=== Section Start ===

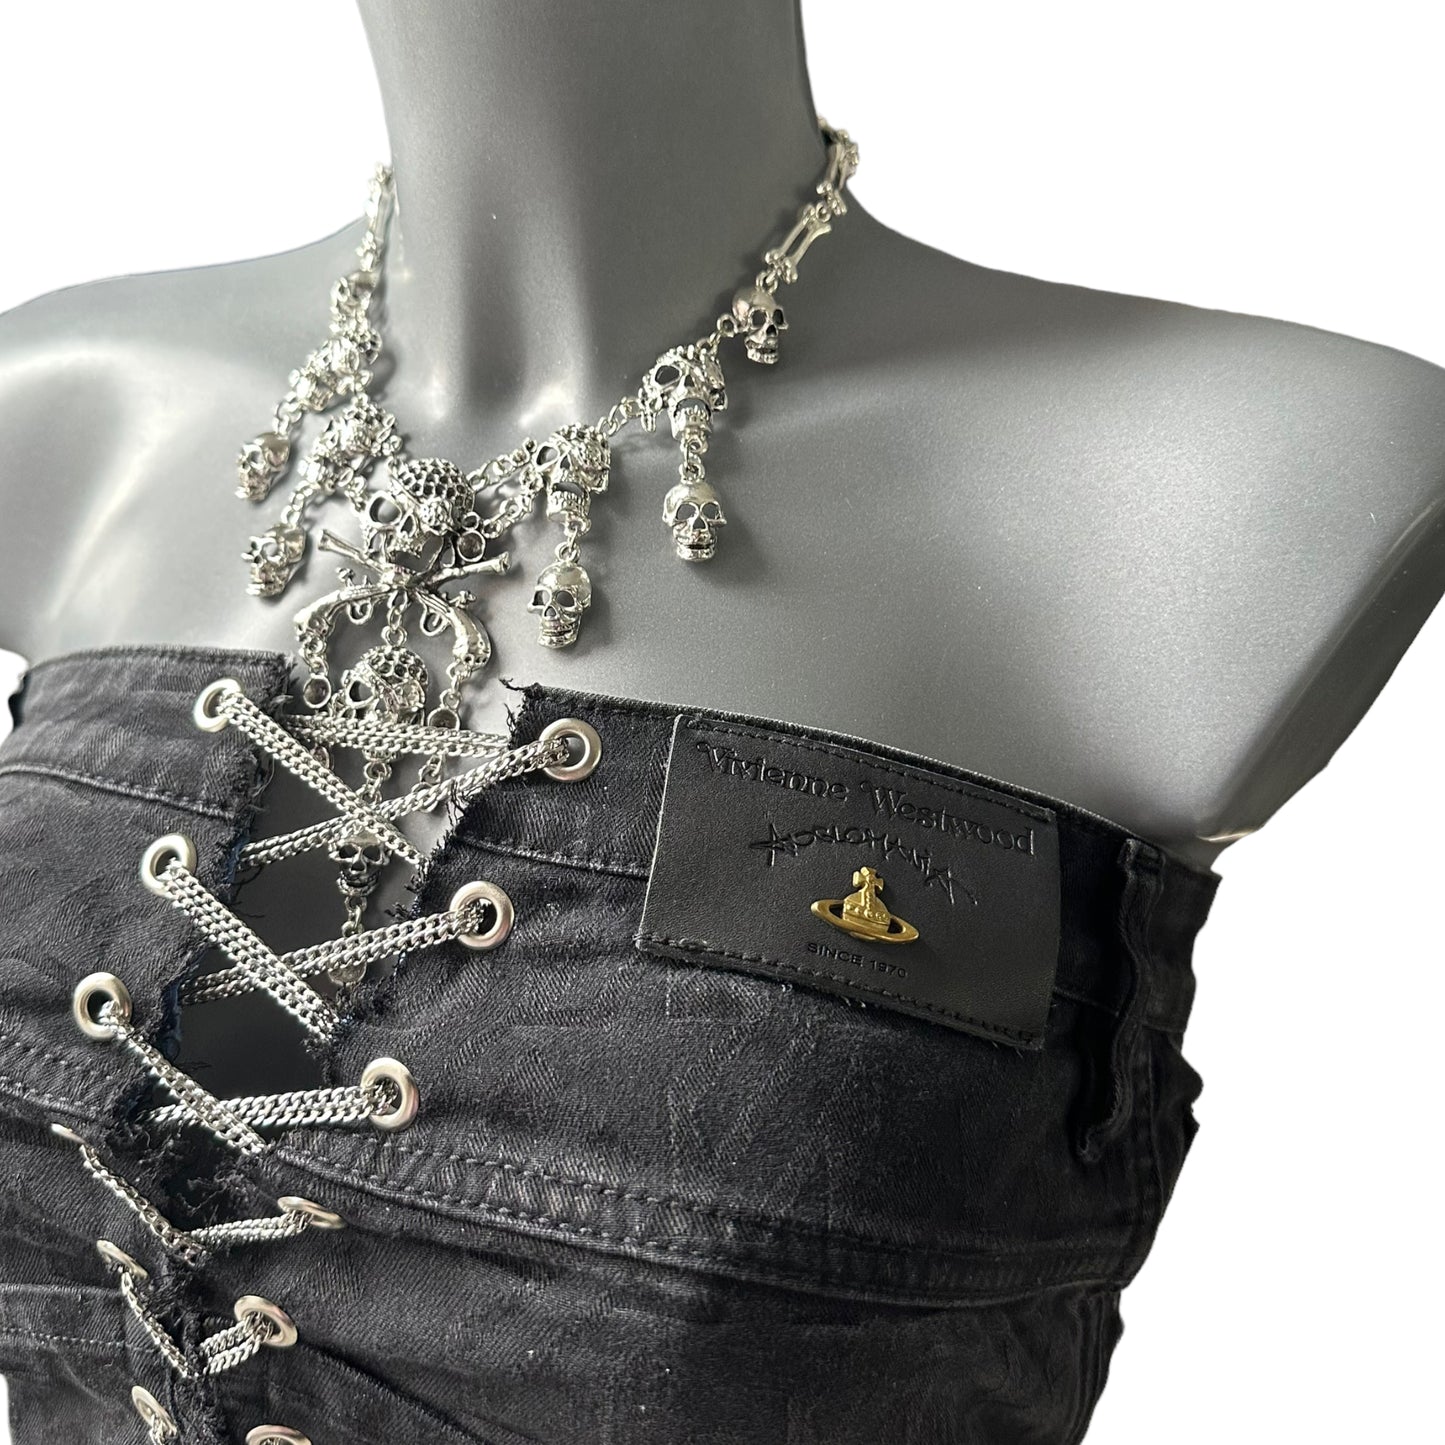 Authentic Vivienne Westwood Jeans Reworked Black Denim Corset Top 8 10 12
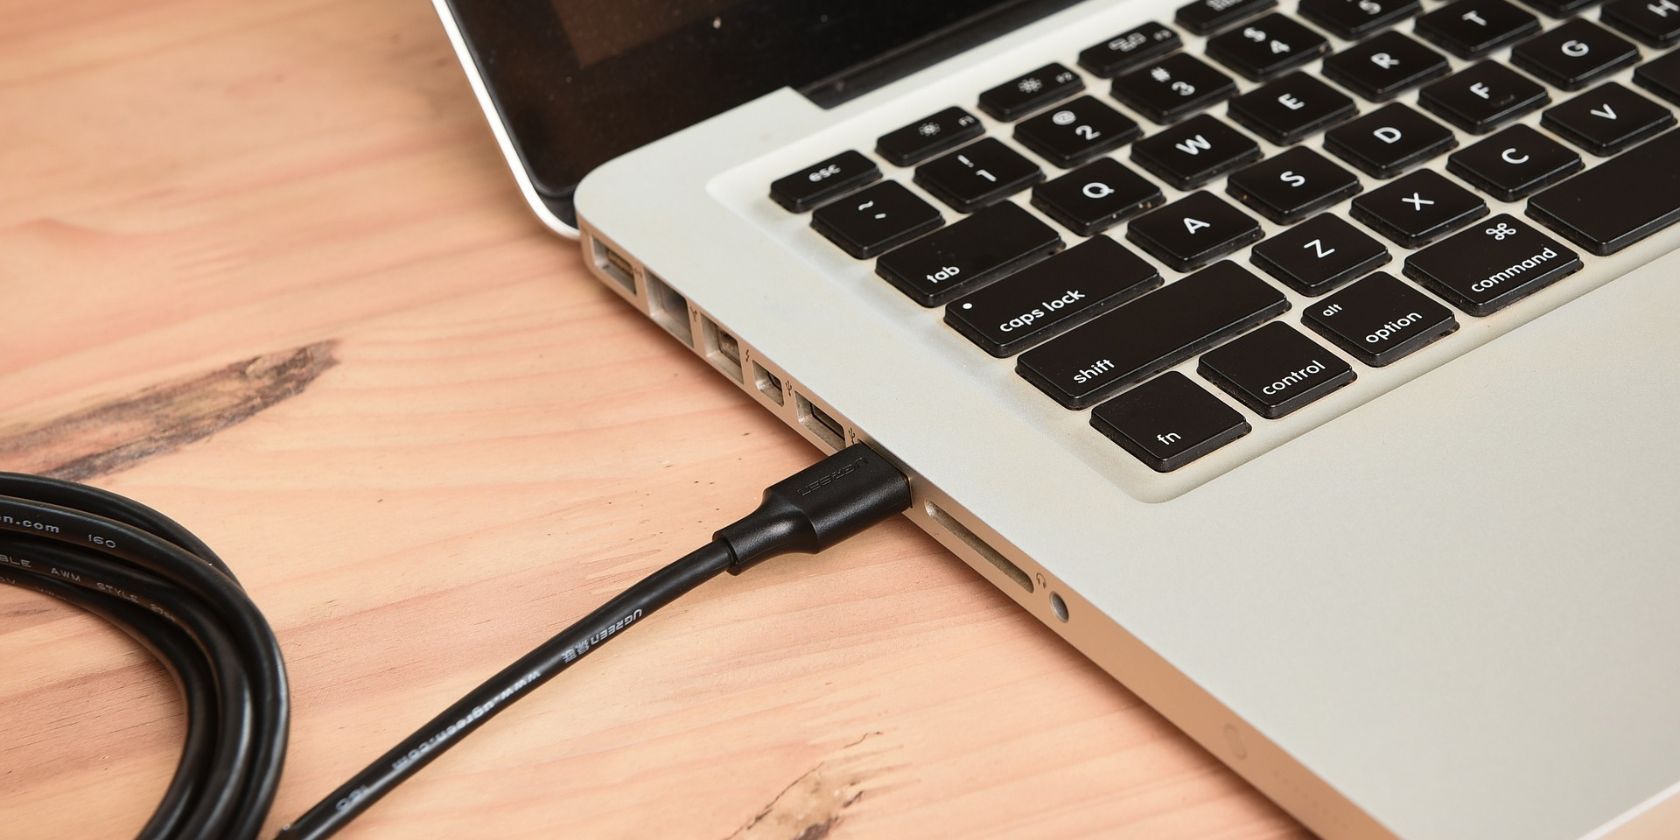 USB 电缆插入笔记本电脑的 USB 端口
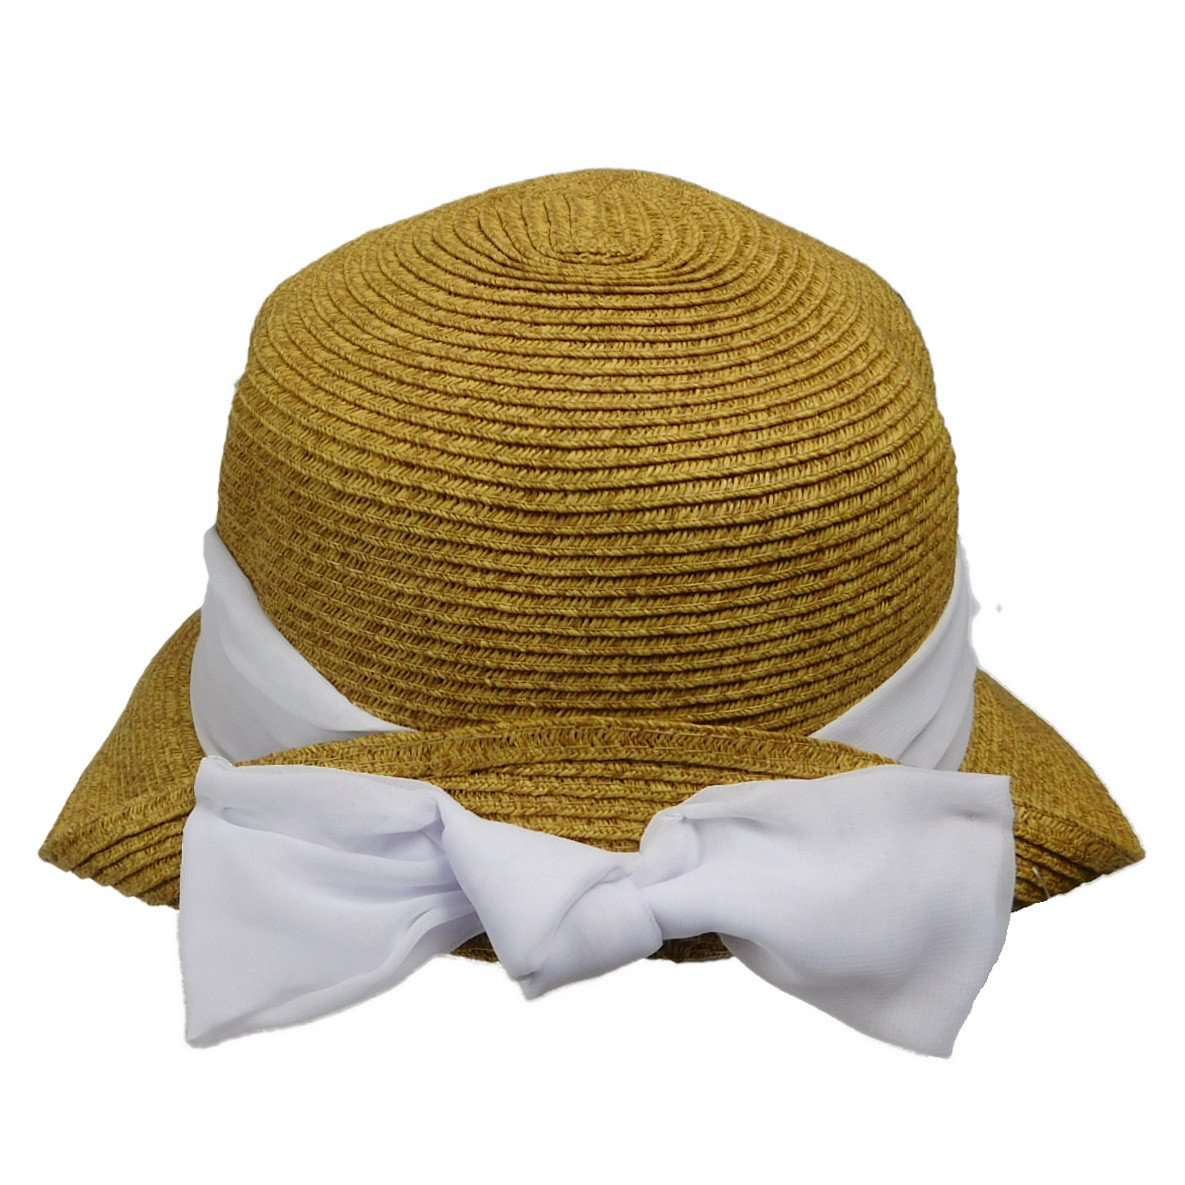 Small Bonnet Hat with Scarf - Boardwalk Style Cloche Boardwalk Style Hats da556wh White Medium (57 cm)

=== Section End ===

→ **EXERCISE DESCRIPTION**
Wording must stay exact. Give again the lines from the line with "USB 电缆插入笔记本电脑的 USB 端口" through the last line of the listing, both ends included, without pictures.

→ **ANSWER SPACE**
 USB 电缆插入笔记本电脑的 USB 端口
 Small Bonnet Hat with Scarf - Boardwalk Style Cloche Boardwalk Style Hats da556wh White Medium (57 cm)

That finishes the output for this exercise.